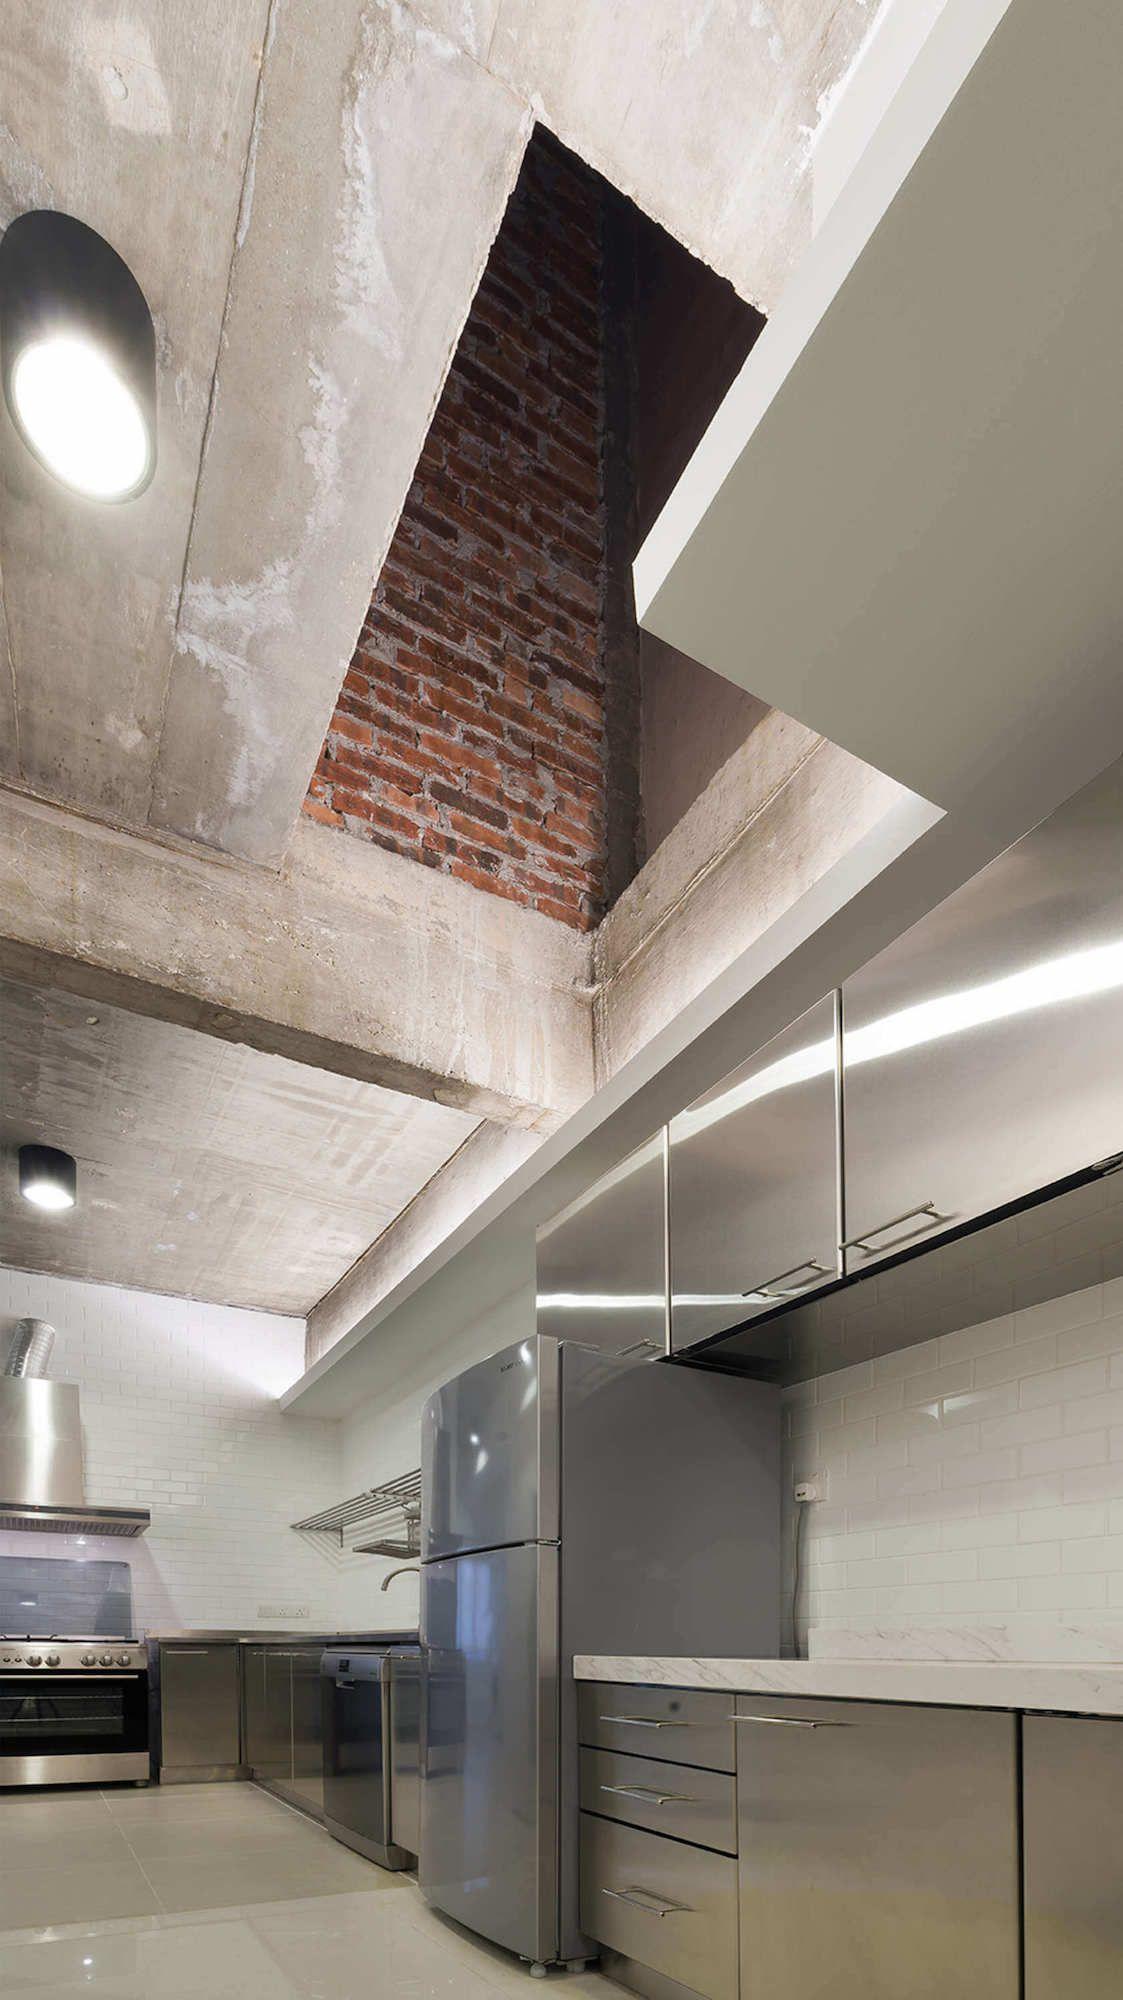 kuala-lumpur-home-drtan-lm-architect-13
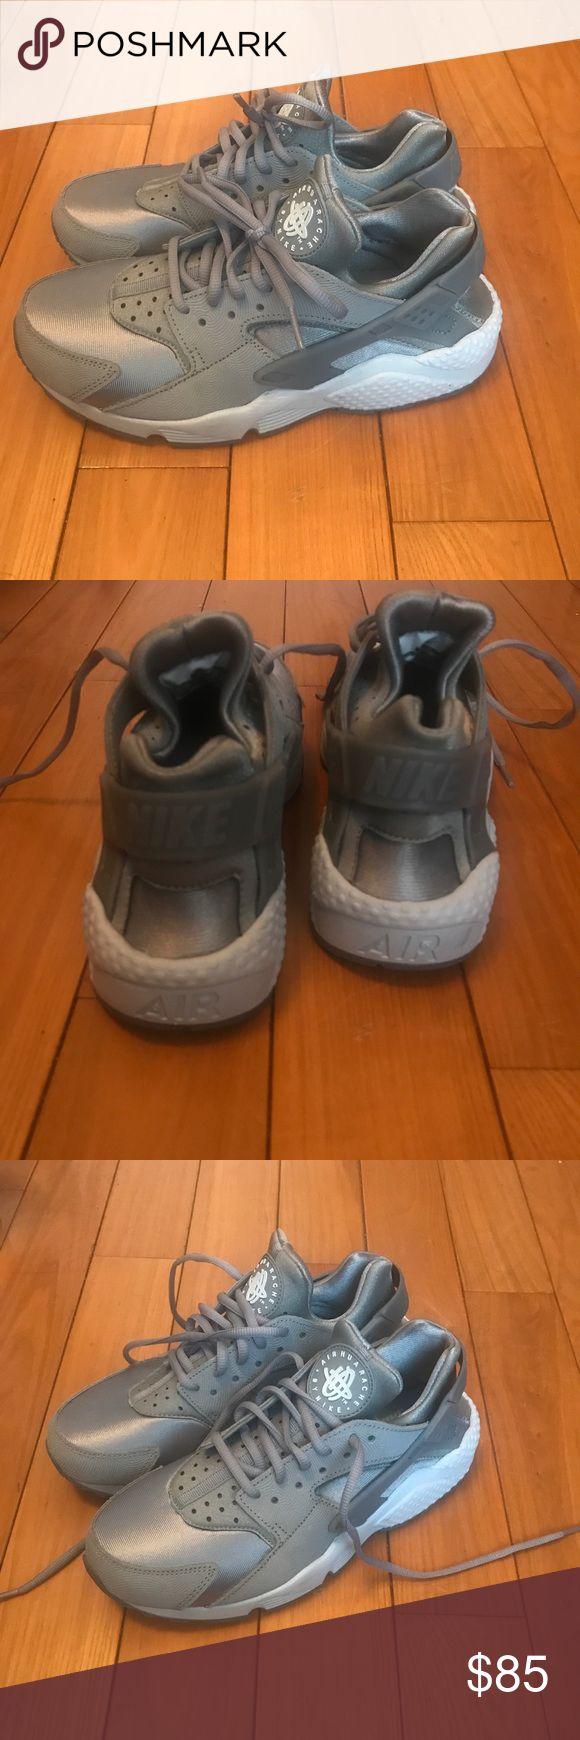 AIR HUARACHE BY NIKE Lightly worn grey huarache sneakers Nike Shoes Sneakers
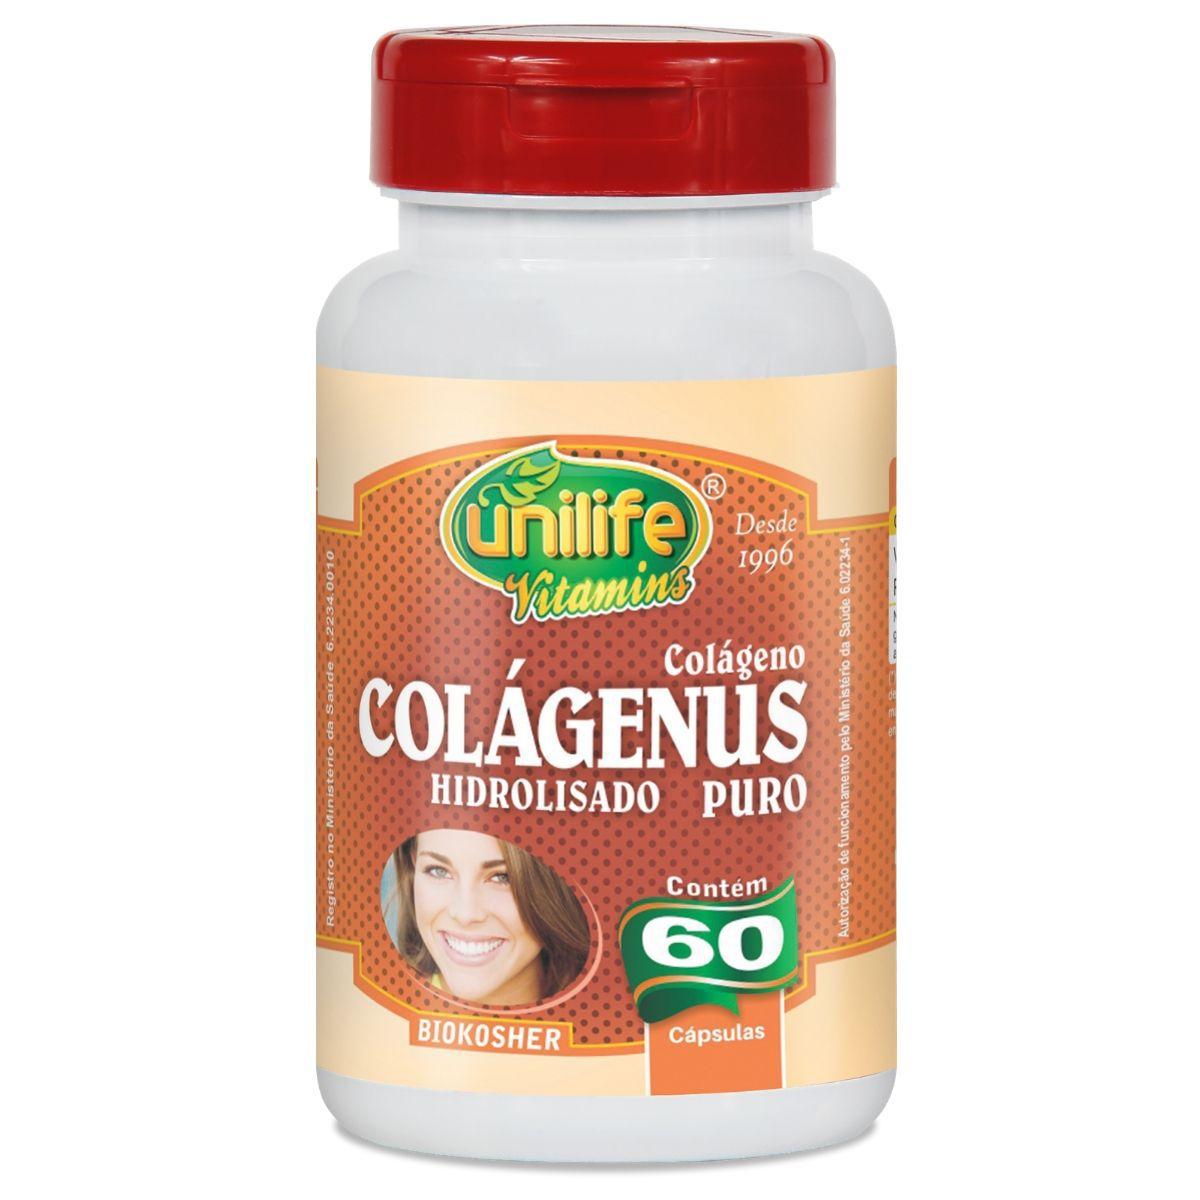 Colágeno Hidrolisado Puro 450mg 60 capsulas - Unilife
◇ ◇ ◇ ◇ ◇
### REQUIREMENT
From the line containing "AIR HUARACHE BY" through the last line of the data above, write out every line word for word, and nothing else. Do not include the pictures.

### RESPONSE AREA
 AIR HUARACHE BY NIKE Lightly worn grey huarache sneakers Nike Shoes Sneakers
 Colágeno Hidrolisado Puro 450mg 60 capsulas - Unilife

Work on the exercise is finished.